Non-associative algebra
Introduction
Non-associative algebra is a branch of algebra that studies algebraic structures which do not necessarily satisfy the associative property. This field of mathematics is distinct from associative algebra, where the associative law always holds. Non-associative algebras include structures such as loops, quasigroups, Lie algebras, Jordan algebras, and octonions.

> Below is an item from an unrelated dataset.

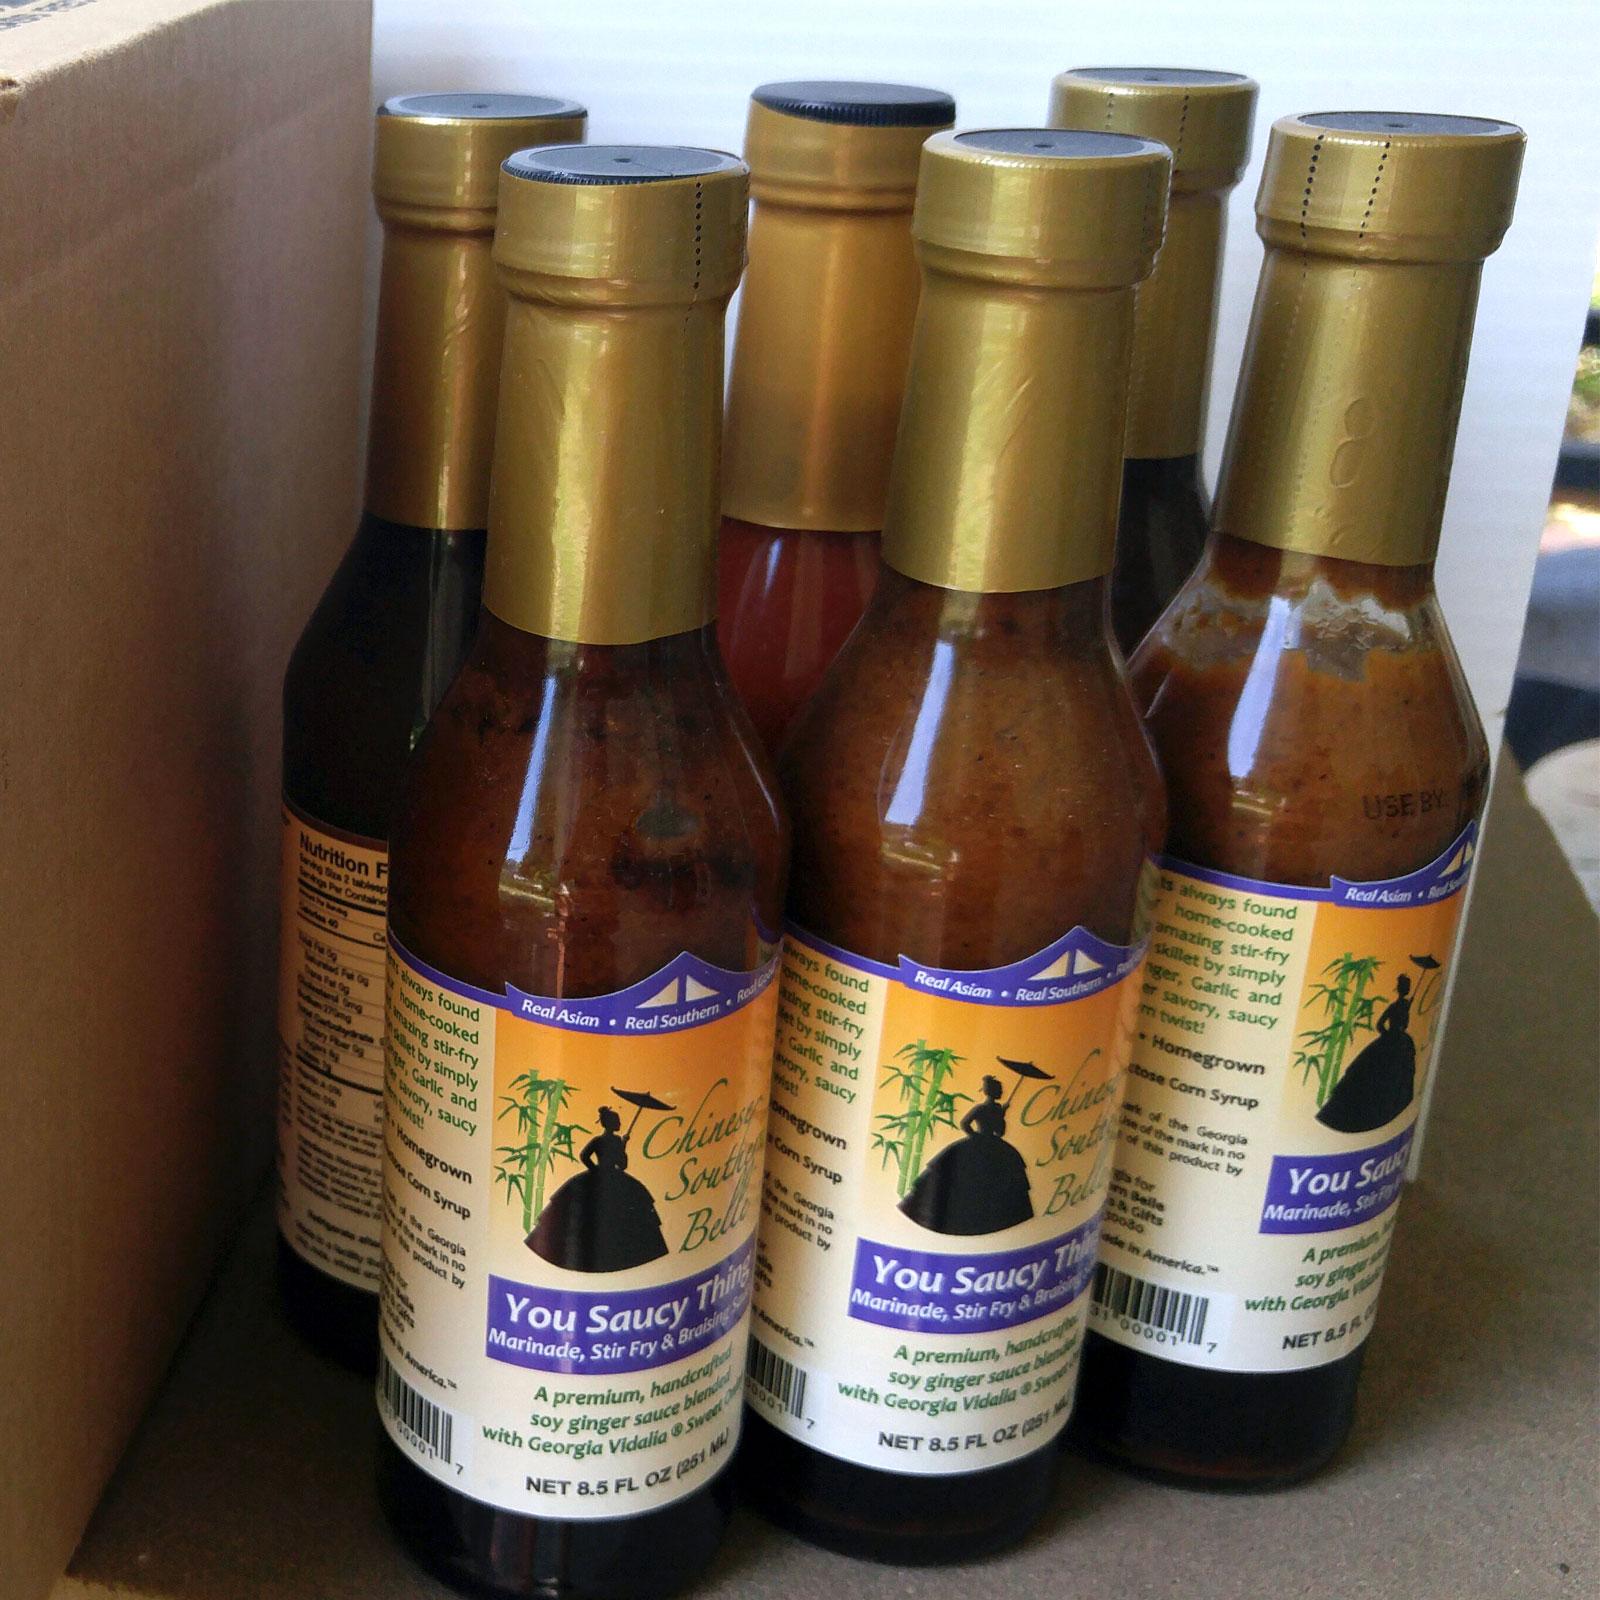 Bottle Sauce Case - 12 pk - 8 oz glass bottles (SAVE 20%!) - Chinese ...
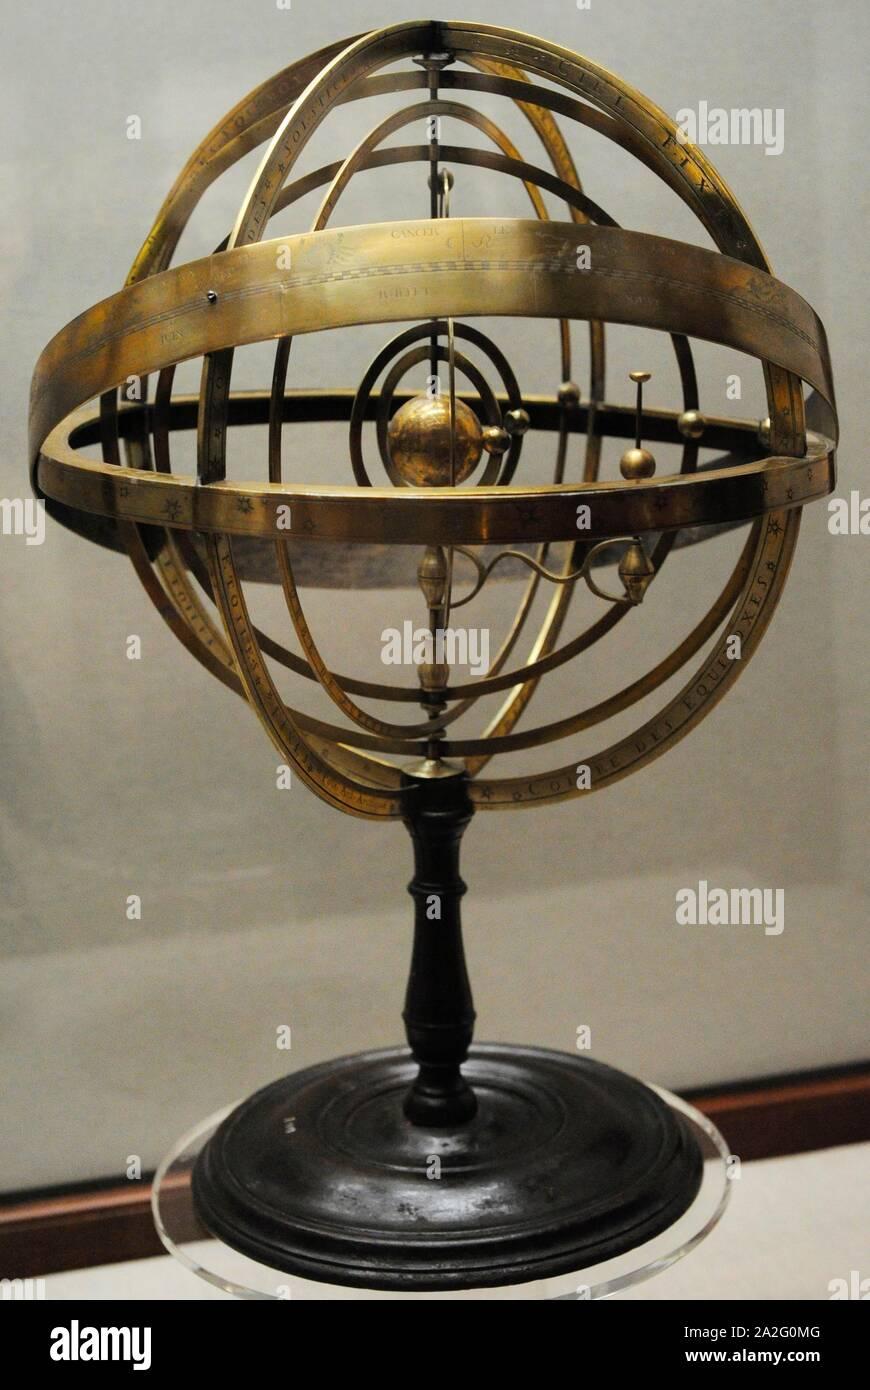 Esfera armilar. Siglos XVII-XVIII. Latón. Museo Naval. Madrid. España. Foto de stock

Non-Associative Structures
Non-associative algebra primarily deals with algebraic structures that do not follow the associative law. These structures include:
Loops
A loop is a non-associative structure that has a binary operation and an identity element. The binary operation is not necessarily associative, but each element in the loop has an inverse.
Quasigroups
A Quasigroup is a type of non-associative structure that has a binary operation. In a quasigroup, the division operation is always possible, but the binary operation is not necessarily associative.
Lie Algebras
Lie algebras are non-associative structures that are used in the study of differential equations, geometry, and theoretical physics. They are named after the Norwegian mathematician Sophus Lie, who introduced them in the context of his theory of continuous transformation groups.
Jordan Algebras
Jordan algebras are non-associative structures that are commutative and satisfy the Jordan identity. They were introduced by Pascual Jordan in his work on quantum mechanics.
Octonions
Octonions are a type of non-associative algebra that extends the quaternions. They are a normed division algebra over the real numbers, but unlike the real numbers, the complex numbers, and the quaternions, the octonions do not satisfy the associative law.
Properties of Non-Associative Algebras
Non-associative algebras have several properties that distinguish them from associative algebras. These include:
Non-Associativity
The defining property of non-associative algebras is the lack of the associative law. This means that for any elements a, b, and c in the algebra, it is not necessarily true that (a*b)*c = a*(b*c).
Flexibility
Many non-associative algebras satisfy the flexible law, which states that for any elements a and b in the algebra, (a*b)*a = a*(b*a). This is a weaker condition than associativity.
Alternative Law
Some non-associative algebras satisfy the alternative law, which states that for any element a in the algebra, (a*a)*a = a*(a*a). This is also a weaker condition than associativity.
Applications of Non-Associative Algebra
Non-associative algebra has applications in various fields of mathematics and physics. These include:
Differential Equations
Lie algebras are used in the study of differential equations. They provide a method for solving differential equations that arise in the study of continuous transformation groups.
Geometry
Non-associative algebras are used in the study of certain types of geometry, including projective geometry and differential geometry.
Theoretical Physics
Non-associative algebras have applications in theoretical physics, particularly in the study of quantum mechanics and string theory. Jordan algebras, for example, were introduced in the context of quantum mechanics.